[PROBLEM TO SOLVE]
Give back, unaltered, the lines from the one with "Richards terrorised bowlers, fielders" to the end of the material, omitting pictures.

[RECORDED DATA]
....................

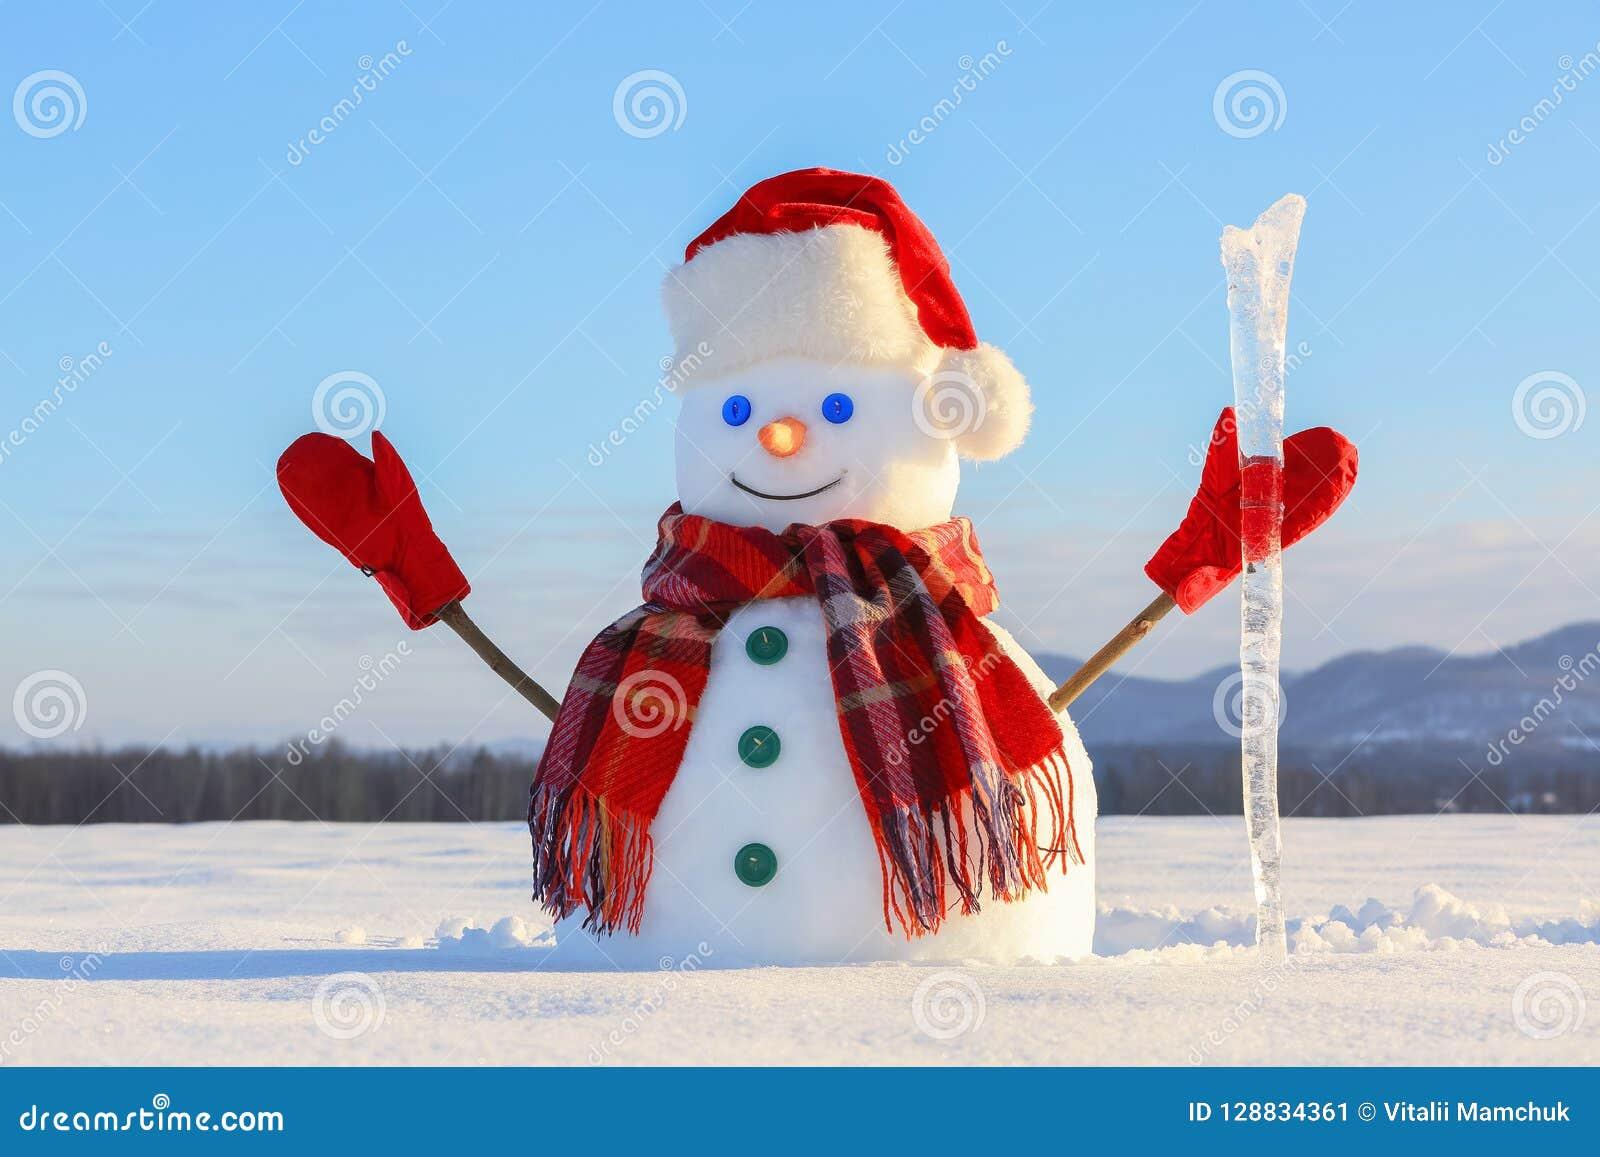 Błękit przyglądał się uśmiechniętego bałwanu w czerwonym kapeluszu, rękawiczki i szkocka krata szalik trzyma sopel w ręce Radosny
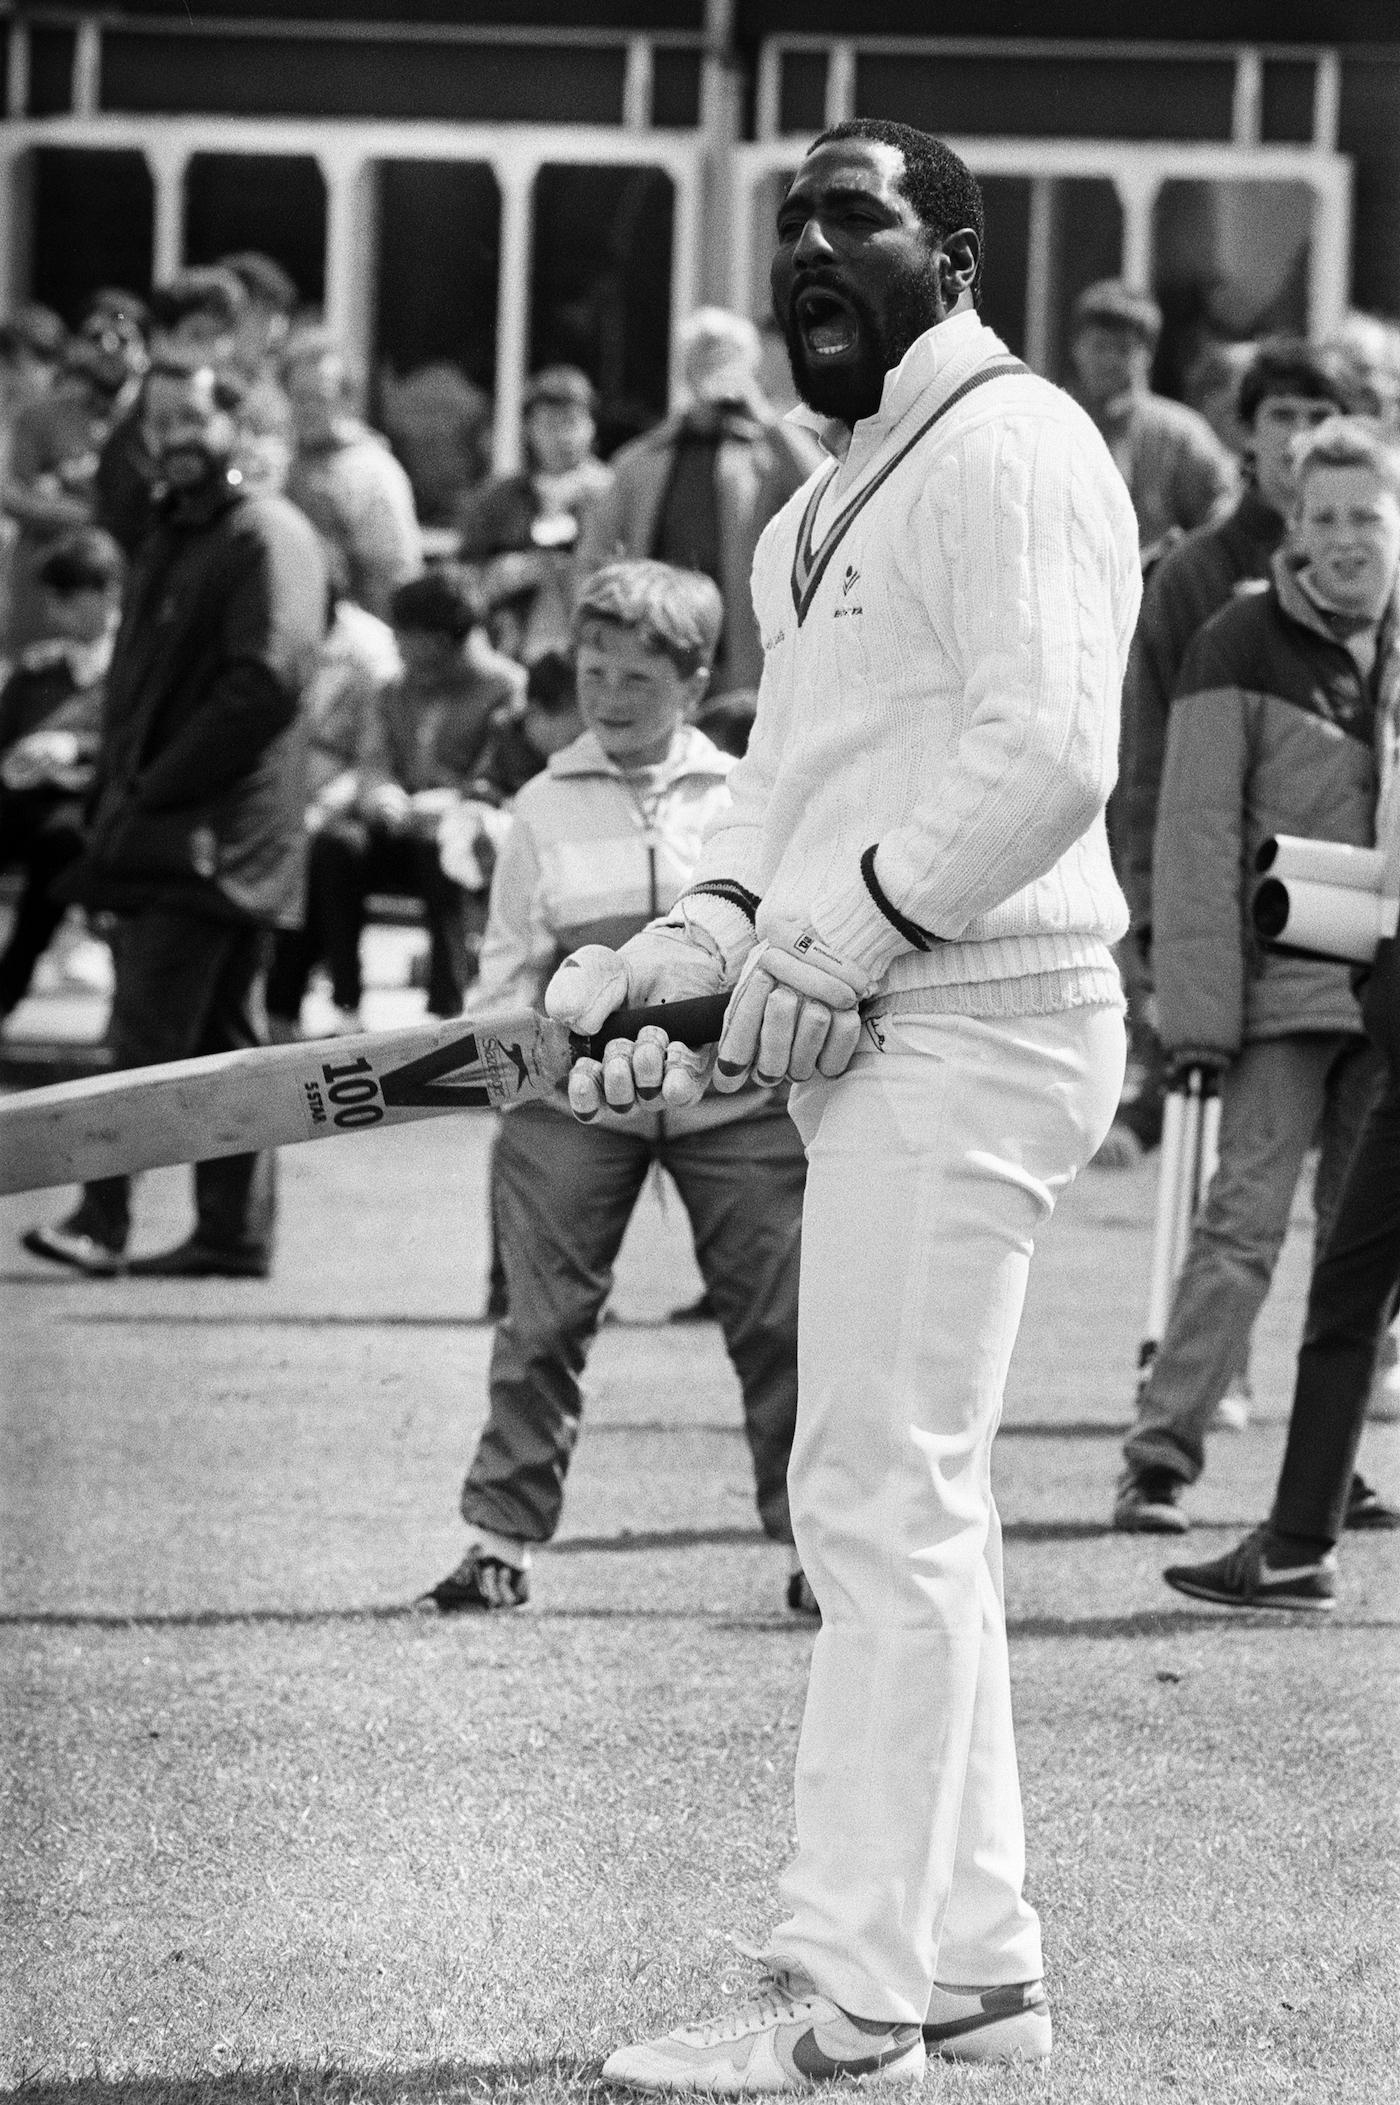 Richards terrorised bowlers, fielders and onlookers alike
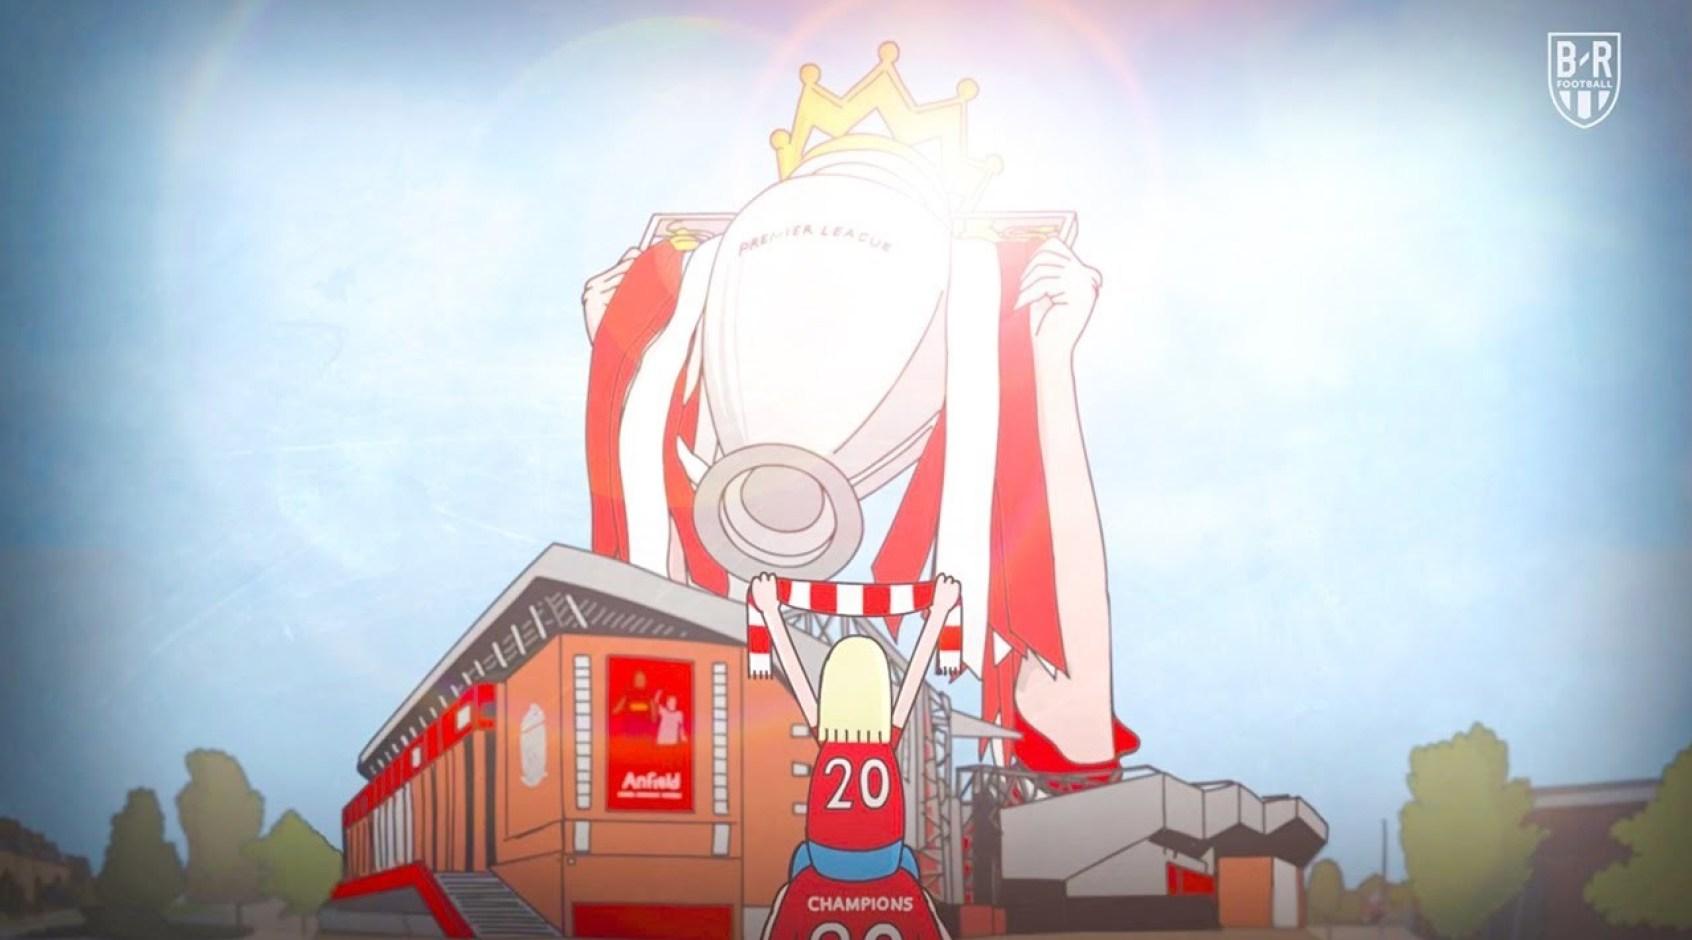 """Долгий путь к титулу: очень трогательный ролик в честь чемпионства """"Ливерпуля"""" (Видео)"""

....................

[FINAL ANSWER]
 Richards terrorised bowlers, fielders and onlookers alike
 """Долгий путь к титулу: очень трогательный ролик в честь чемпионства """"Ливерпуля"""" (Видео)"""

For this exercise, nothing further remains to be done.